Heath bosses have now insisted that even if there was no legislation the work would still need to be done because the chance of a dam overflowing is once in every 25 years – and they are liable under common law if homes are damaged.

They are also required to upgrade three of the ponds under the 1975 Flood and Water Management Act but decided to do them all in light of the new 2010 laws which they believe will definitely come in, despite a consultation still due to take place.

Chairman of the Hampstead Heath management committee Michael Welbank said: “There are dams on the Heath which fall into the high risk category. I find it an amazing statement from Defra and they were misguided in that statement.
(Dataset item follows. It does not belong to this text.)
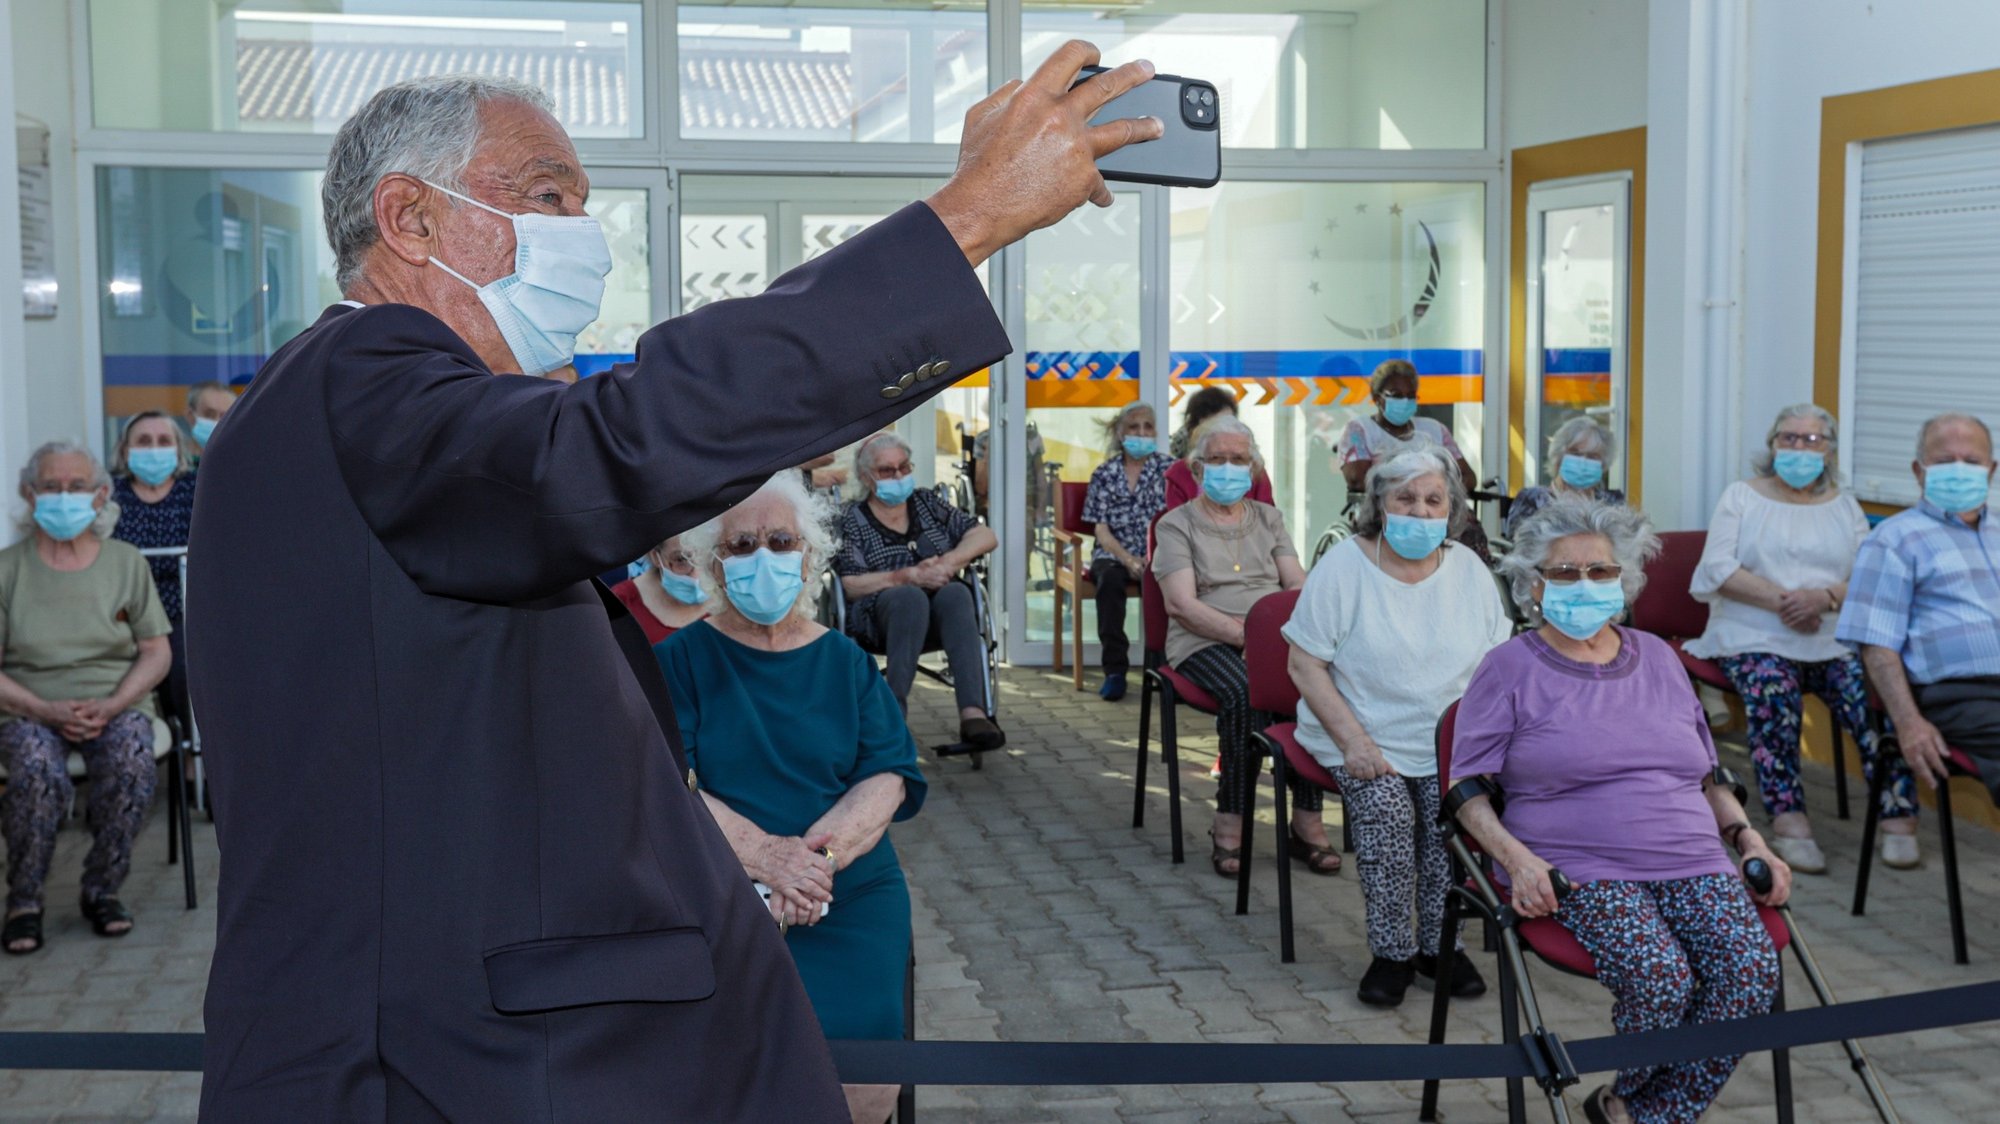 O Presidente da República, Marcelo Rebelo de Sousa, tira uma selfie com utentes durante a visita ao Centro Paroquial, em Martim Longo, Alcoutim, 13 de setembro de 2020. LUÍS FORRA/LUSA

“We were advised to and decided we would go straight for the 2010 requirements so that is what we are doing. If we get to a year’s time and the government decide they are not going to go ahead with it then we might revise our ideas. But we think it is right to go ahead given the high risk situation of the Heath’s dams.”

The Heath has been working with panel engineer Professor Andy Hughes, who is writing the secondary legislation concerning reservoirs and is a consultant who advises Defra.

He said: “The city is doing a very responsible thing. They are dealing with the three reservoirs and pre-empting the new act coming in and avoiding going through the same thing again. It means they find the most effective solution with the least possible impact on the Heath.”

He added: “I do not care whether there is legislation or not I would advise the city to do the works anyway.”